▸ **DATA TO USE**
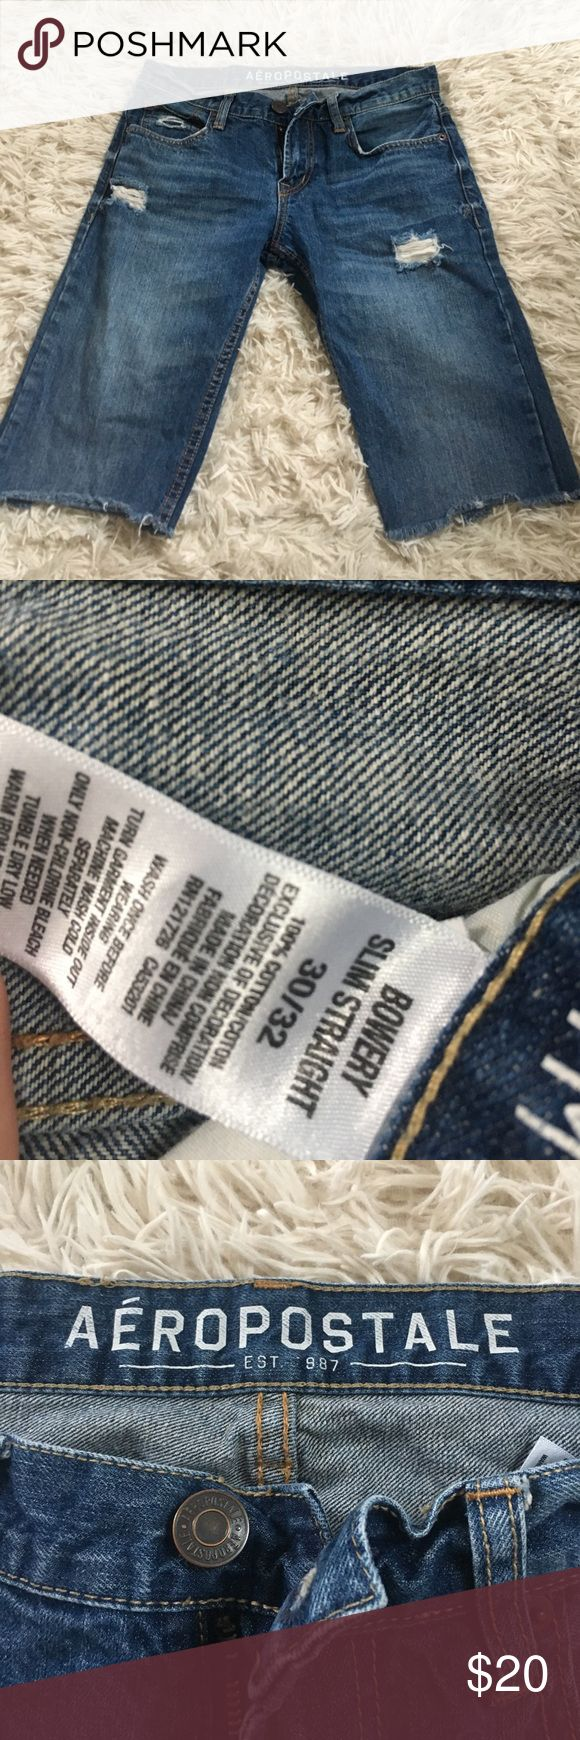 Men's Jean Cutoffs Great condition men's Jean cut offs! Aeropostale Shorts Jean Shorts
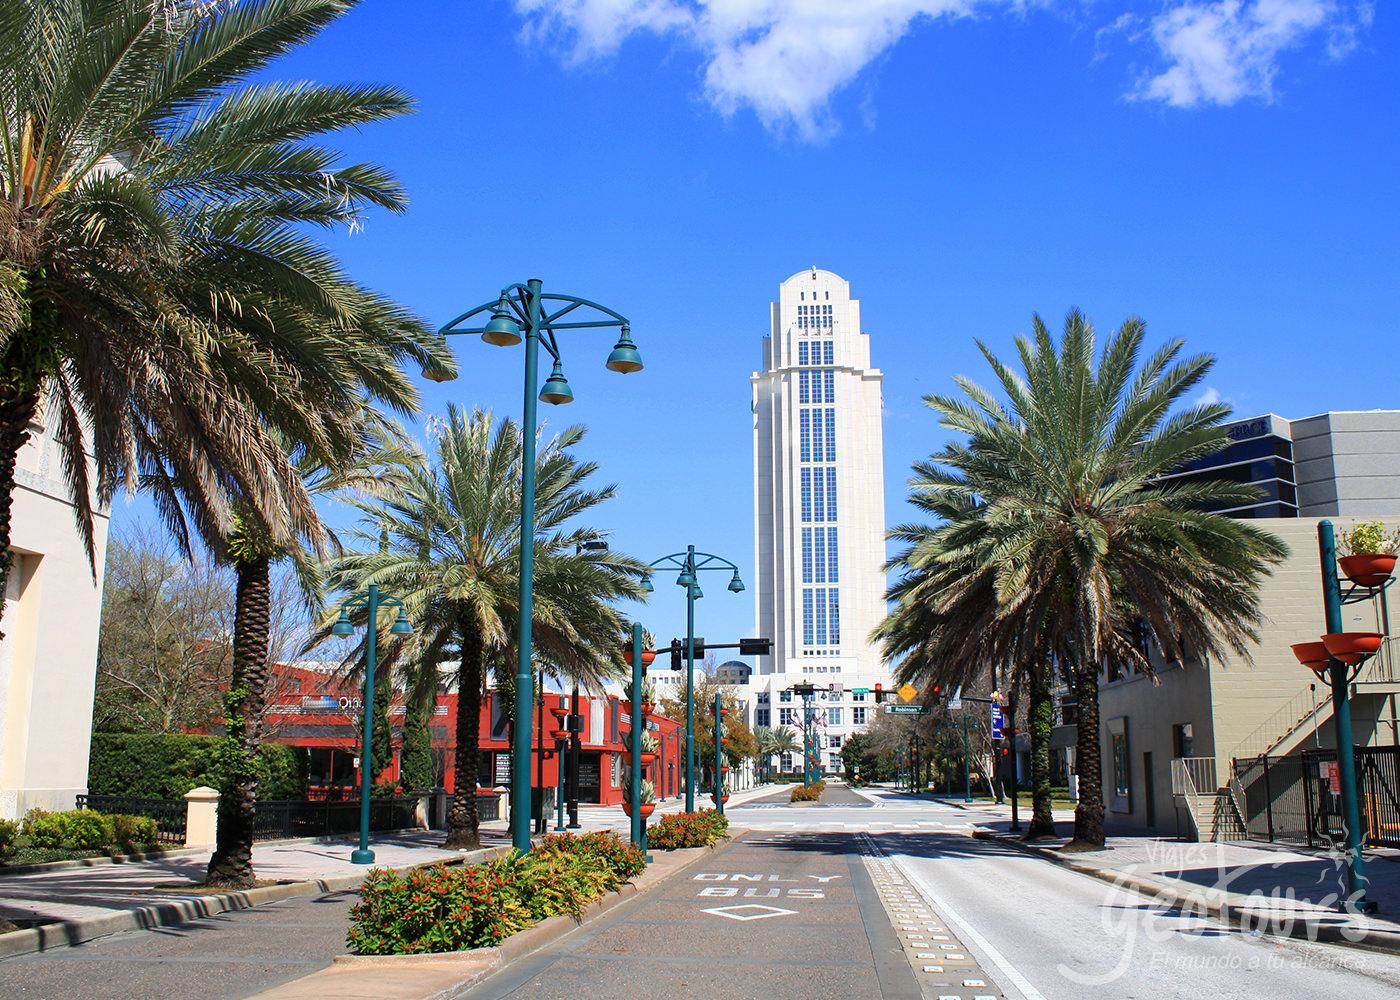 Viajes a lo Mejor de Florida 8 dias
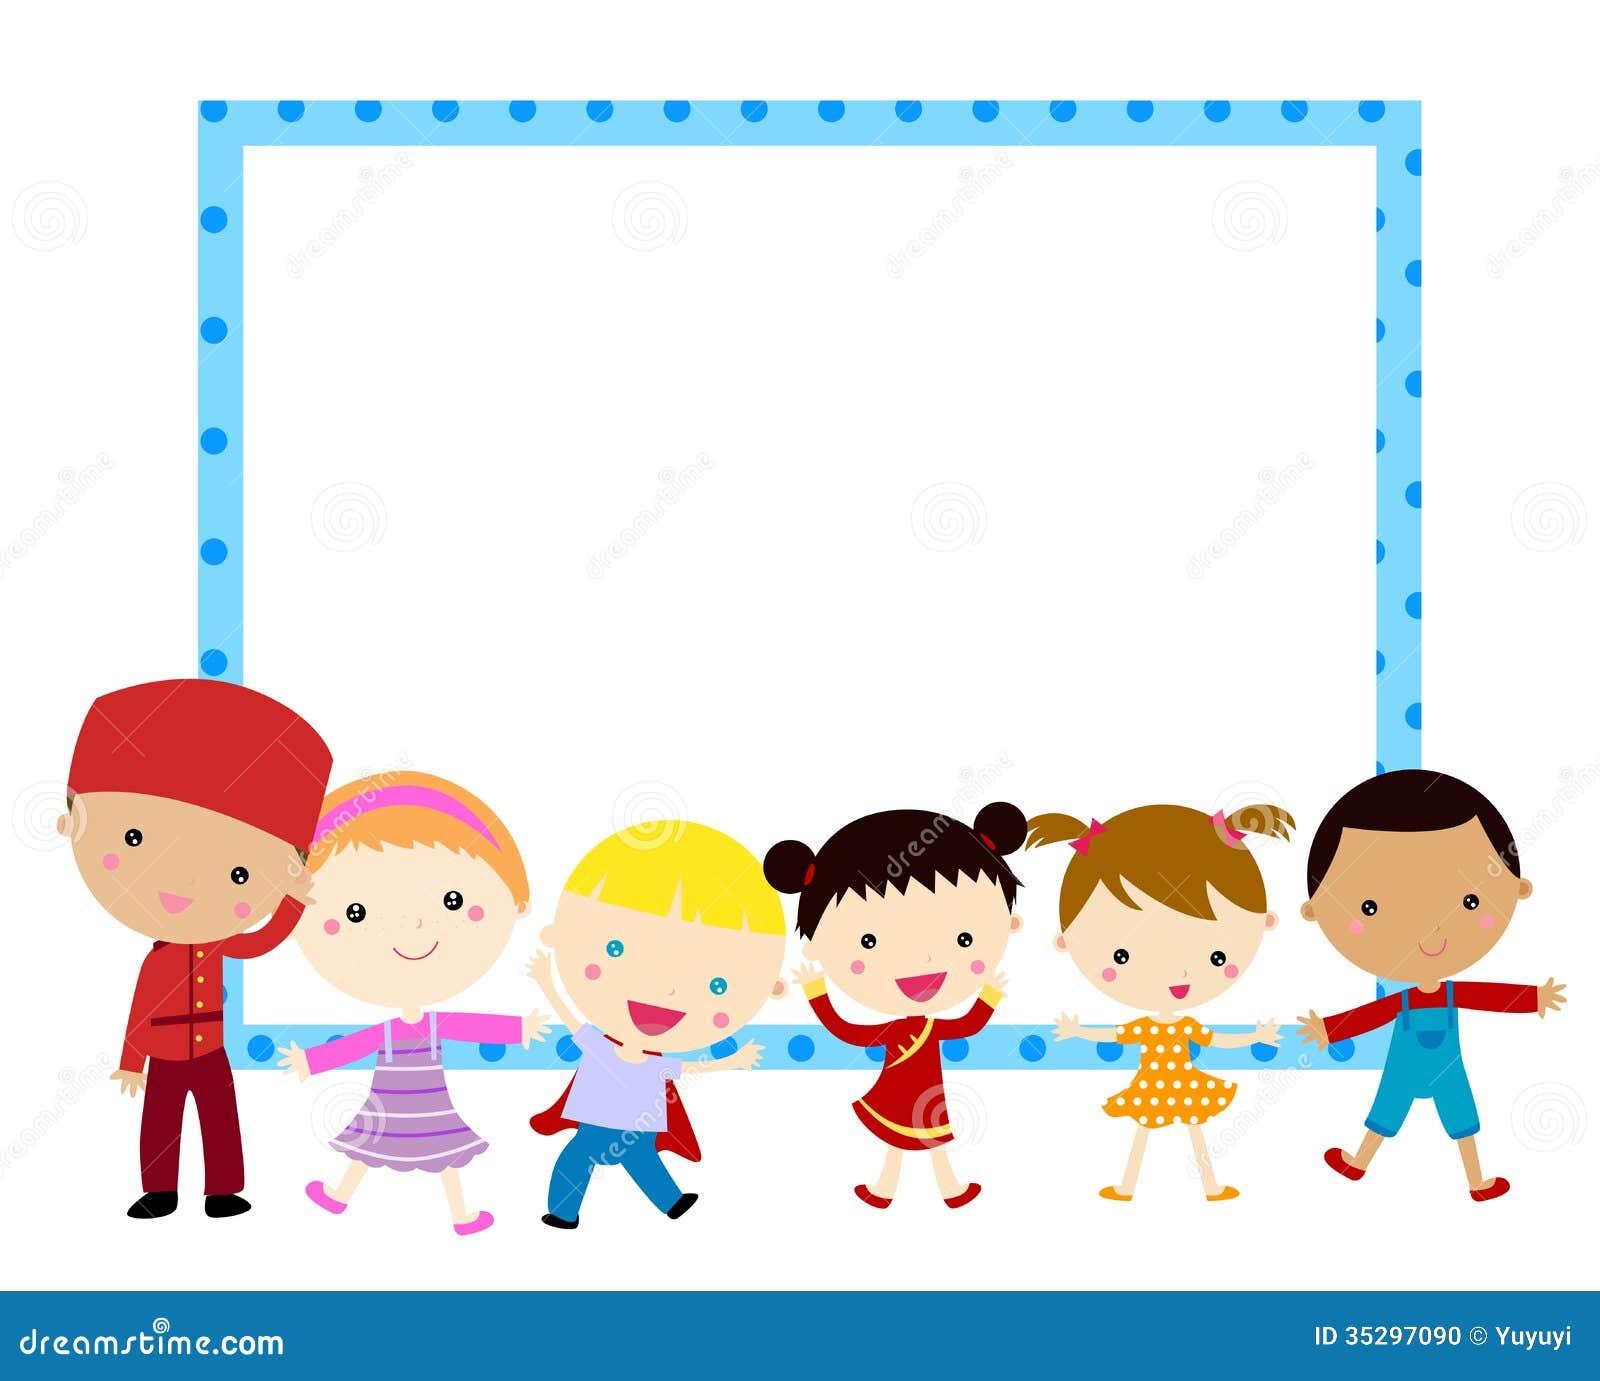 рамки для детей картинки
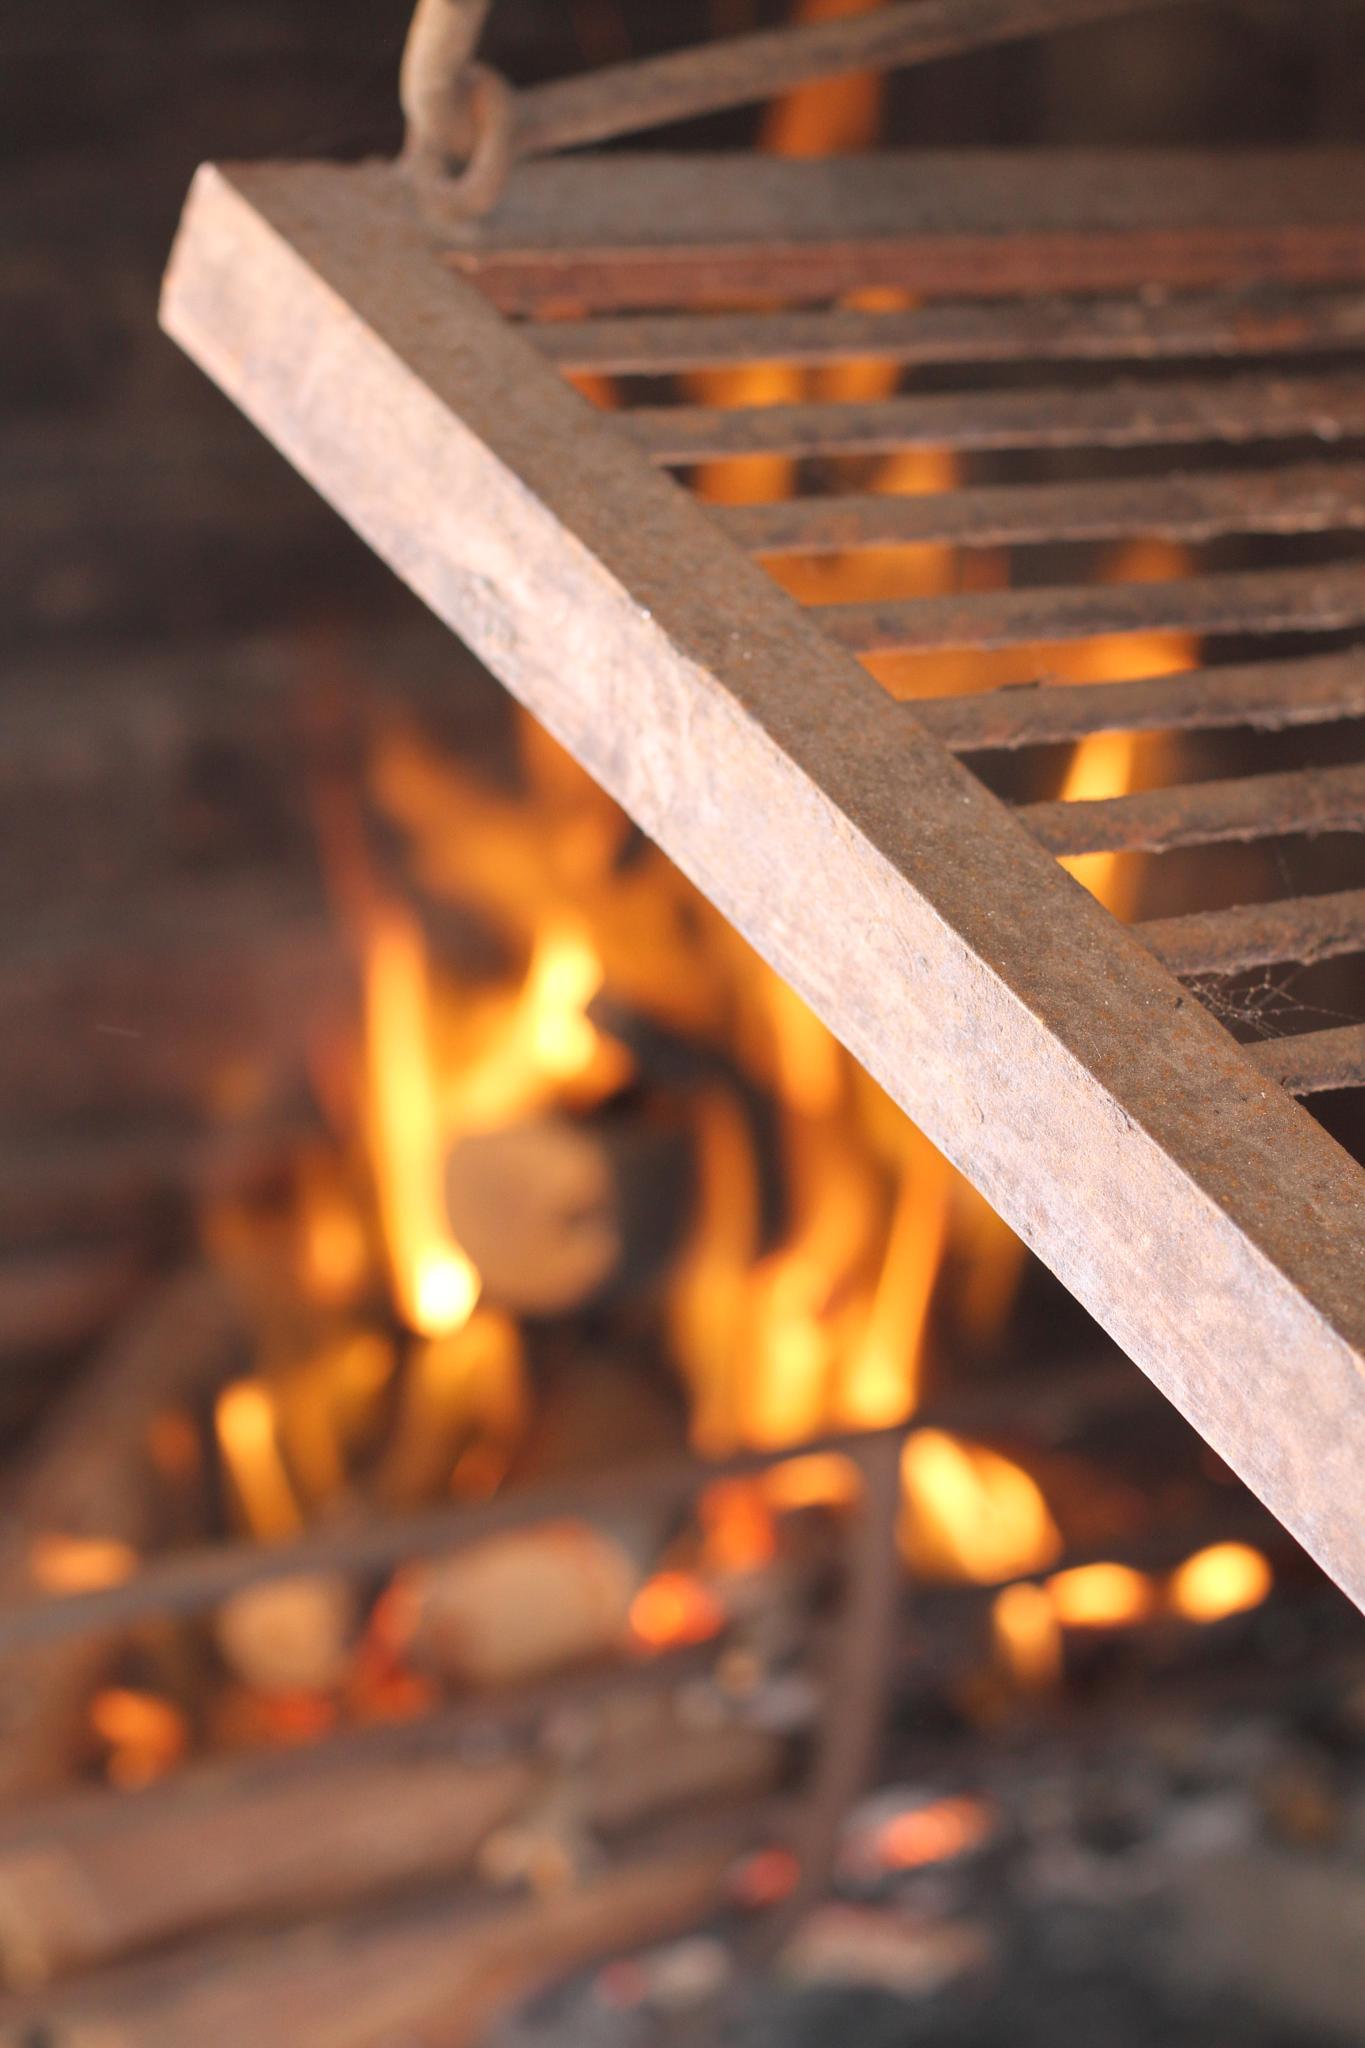 Preparing the BBQ by Miguel Odolfo Gabard Viera
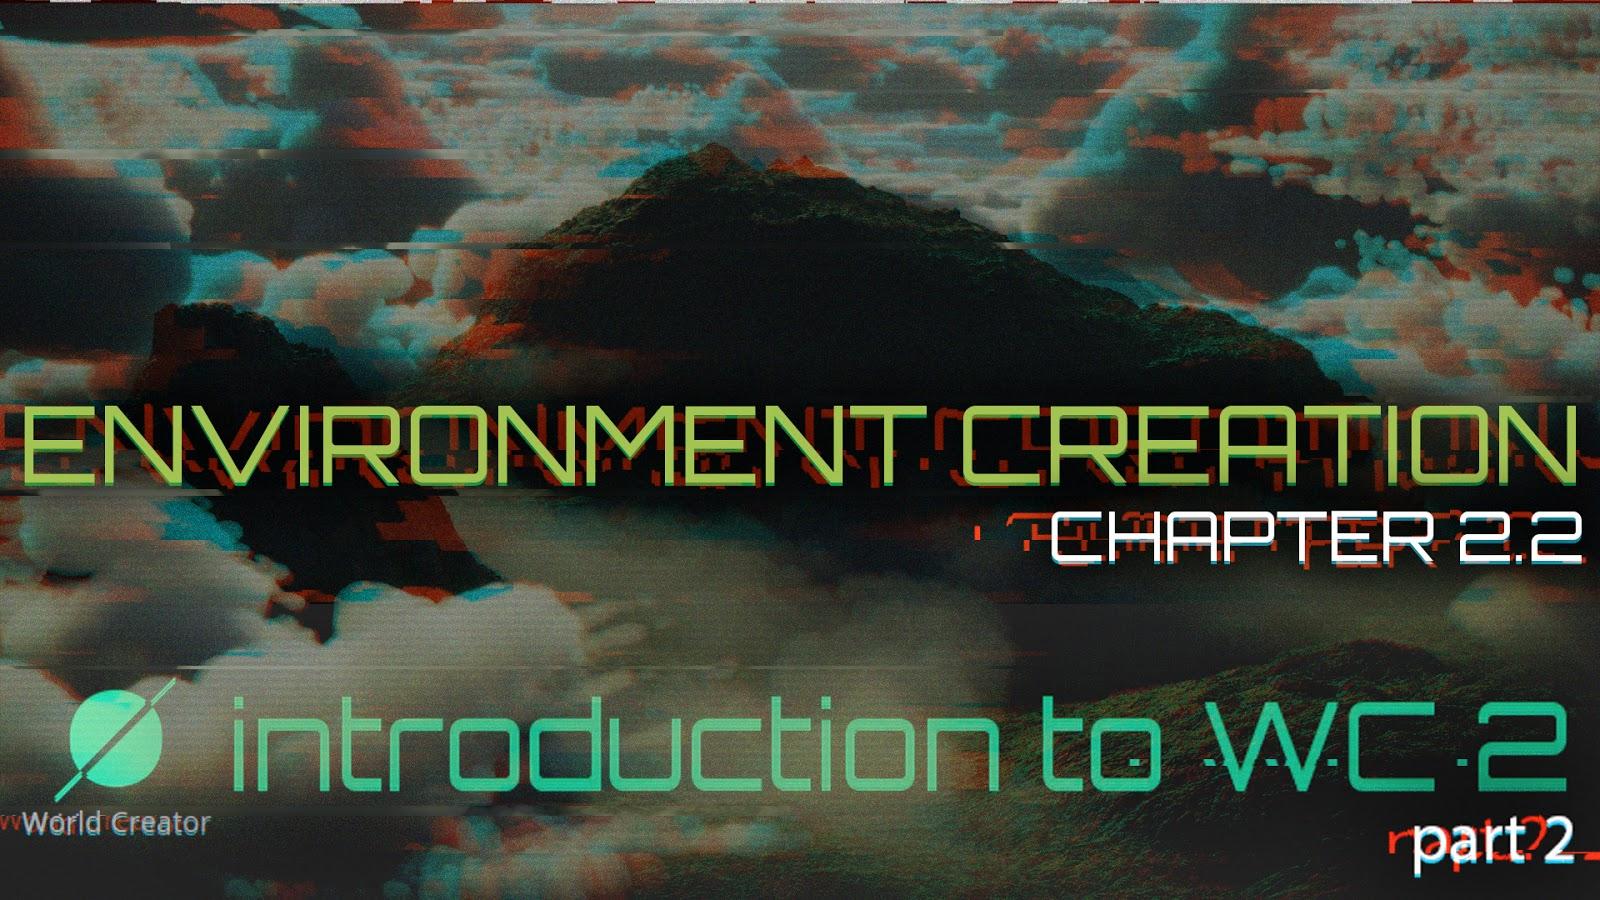 ENVIRONMENT_CREATIONc22wcp2.jpg

▸ **TASK DETAILS**
Your task is to quote exactly the lines from the one with "Viajes a lo Mejor de Florida 8 dias" through the end of the material, both included, without reproducing any pictures.

▸ **EXERCISE OUTPUT**
 Viajes a lo Mejor de Florida 8 dias
 рамки для детей картинки
 Preparing the BBQ by Miguel Odolfo Gabard Viera
 ENVIRONMENT_CREATIONc22wcp2.jpg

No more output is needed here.